Collection entries:
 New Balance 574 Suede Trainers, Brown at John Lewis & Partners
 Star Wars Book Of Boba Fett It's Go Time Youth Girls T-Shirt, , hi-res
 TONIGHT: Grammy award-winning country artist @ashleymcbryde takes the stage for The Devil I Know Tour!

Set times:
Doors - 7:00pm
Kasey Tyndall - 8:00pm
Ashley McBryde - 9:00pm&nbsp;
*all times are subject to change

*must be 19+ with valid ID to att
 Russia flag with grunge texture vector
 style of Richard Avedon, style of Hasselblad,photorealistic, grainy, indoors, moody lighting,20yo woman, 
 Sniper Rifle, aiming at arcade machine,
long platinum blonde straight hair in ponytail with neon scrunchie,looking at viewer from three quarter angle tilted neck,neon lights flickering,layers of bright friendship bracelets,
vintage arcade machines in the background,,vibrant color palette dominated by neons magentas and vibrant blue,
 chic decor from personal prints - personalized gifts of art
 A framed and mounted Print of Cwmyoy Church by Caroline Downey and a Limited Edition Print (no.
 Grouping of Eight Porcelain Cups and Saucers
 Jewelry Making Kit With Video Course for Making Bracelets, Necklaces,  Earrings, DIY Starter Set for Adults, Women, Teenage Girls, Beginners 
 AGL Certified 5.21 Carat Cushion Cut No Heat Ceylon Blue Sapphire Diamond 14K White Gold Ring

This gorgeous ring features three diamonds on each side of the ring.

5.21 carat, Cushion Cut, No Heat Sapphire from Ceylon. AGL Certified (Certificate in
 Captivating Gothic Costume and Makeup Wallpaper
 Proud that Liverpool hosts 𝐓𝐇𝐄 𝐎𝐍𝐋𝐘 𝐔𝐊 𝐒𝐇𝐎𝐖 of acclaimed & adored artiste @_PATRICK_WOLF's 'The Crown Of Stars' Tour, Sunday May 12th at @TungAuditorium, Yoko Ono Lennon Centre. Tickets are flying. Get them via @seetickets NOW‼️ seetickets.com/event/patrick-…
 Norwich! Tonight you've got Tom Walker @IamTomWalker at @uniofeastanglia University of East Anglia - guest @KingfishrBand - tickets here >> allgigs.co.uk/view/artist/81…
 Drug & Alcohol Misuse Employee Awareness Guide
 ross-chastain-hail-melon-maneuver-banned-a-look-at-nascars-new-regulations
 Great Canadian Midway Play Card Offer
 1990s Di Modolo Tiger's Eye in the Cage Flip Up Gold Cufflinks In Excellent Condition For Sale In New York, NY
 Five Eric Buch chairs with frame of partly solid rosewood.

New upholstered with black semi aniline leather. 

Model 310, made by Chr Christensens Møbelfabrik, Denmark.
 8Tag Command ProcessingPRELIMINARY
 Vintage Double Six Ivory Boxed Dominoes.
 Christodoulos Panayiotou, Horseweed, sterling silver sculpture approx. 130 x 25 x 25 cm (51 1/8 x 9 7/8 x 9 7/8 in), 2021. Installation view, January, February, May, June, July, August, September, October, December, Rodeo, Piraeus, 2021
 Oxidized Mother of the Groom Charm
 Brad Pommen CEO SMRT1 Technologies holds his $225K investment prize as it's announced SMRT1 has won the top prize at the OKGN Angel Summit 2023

Instructions for the task:
Copy out exactly the lines that run from the one holding "8Tag Command ProcessingPRELIMINARY" through the end of the data above.

Reply:
 8Tag Command ProcessingPRELIMINARY
 Vintage Double Six Ivory Boxed Dominoes.
 Christodoulos Panayiotou, Horseweed, sterling silver sculpture approx. 130 x 25 x 25 cm (51 1/8 x 9 7/8 x 9 7/8 in), 2021. Installation view, January, February, May, June, July, August, September, October, December, Rodeo, Piraeus, 2021
 Oxidized Mother of the Groom Charm
 Brad Pommen CEO SMRT1 Technologies holds his $225K investment prize as it's announced SMRT1 has won the top prize at the OKGN Angel Summit 2023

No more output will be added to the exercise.